# Recommend a setup for N/A SR20VE



## jonz (Mar 2, 2016)

the group just done mounting sr20VE to B13 chassis (SS Chassis with 4Wheel discbreak and ABS)
joined as fresh entry for lower class since engine remains stock (just replaced sparkplug, oil, belts)
best time in quarter mile is 14.6secs (portatree timer)
Tire/front 185 60 r14 advan semi slick tires
tire/rear 185 60 r14 ordinary tire (scrap tire d )

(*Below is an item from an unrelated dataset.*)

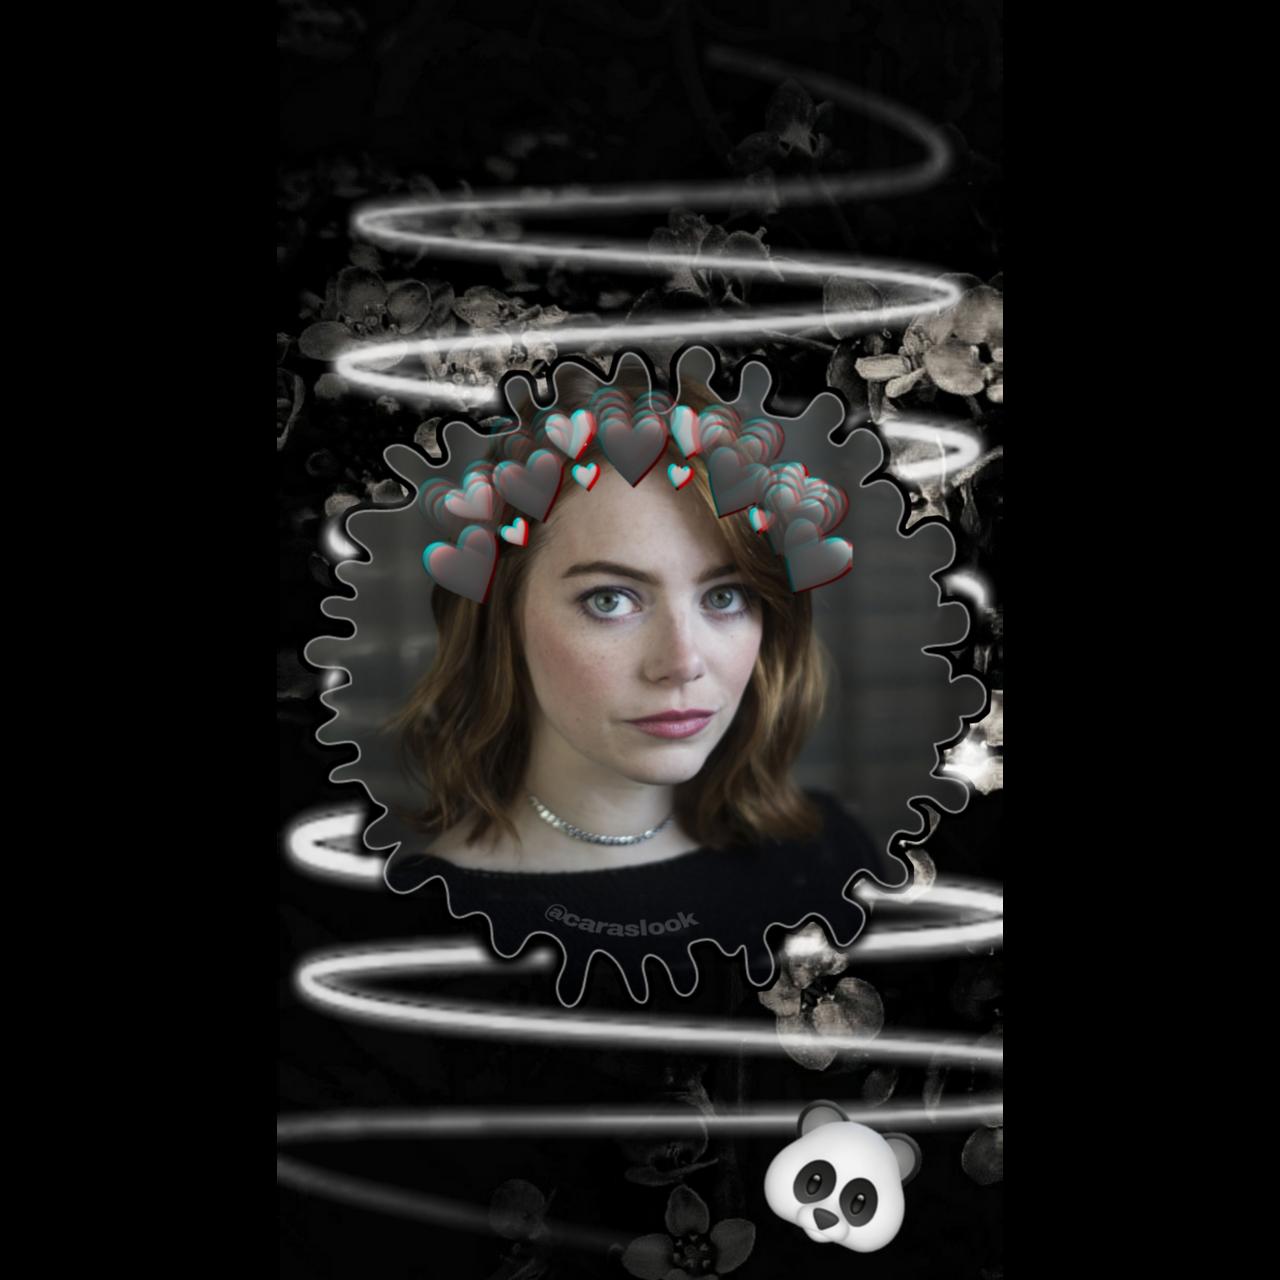 Emma Stone Black Aesthetic Wallpaper By Juli3569 On Deviantart

we are planning to build fast NA set up, any recommendation??????? 
ECU?
cam gears?
camshaft?
tranny?
other engine internal upgrades?
clutch?


----------



## jonz (Mar 2, 2016)

bolted

a pics right after bolting VE to B13 chassis, its running now, all stock except performance clutch
next move is to improve its performance, 2 weeks from now we'll install
4-1 headers, walbro pump and maybe E-manage ECU

a pic from 1st race, purely underdog


been reading articles online regarding SR20VE but we need info from first hand builders for us to further improve its performance
I dont know if these parts will do much, appreciate a word from you guys 

so we are looking into getting
6 speed LSD tranny??
N1 or 20V cams + camgears??
port/polished intake/exhaust??

we want to build 12 low NA SR20VE or better an 11 low or 10 low in a 1/4 mile run


----------



## Carter_member (Nov 16, 2016)

I think will these will improve the performance surely, but it is hard to tell which is better.


----------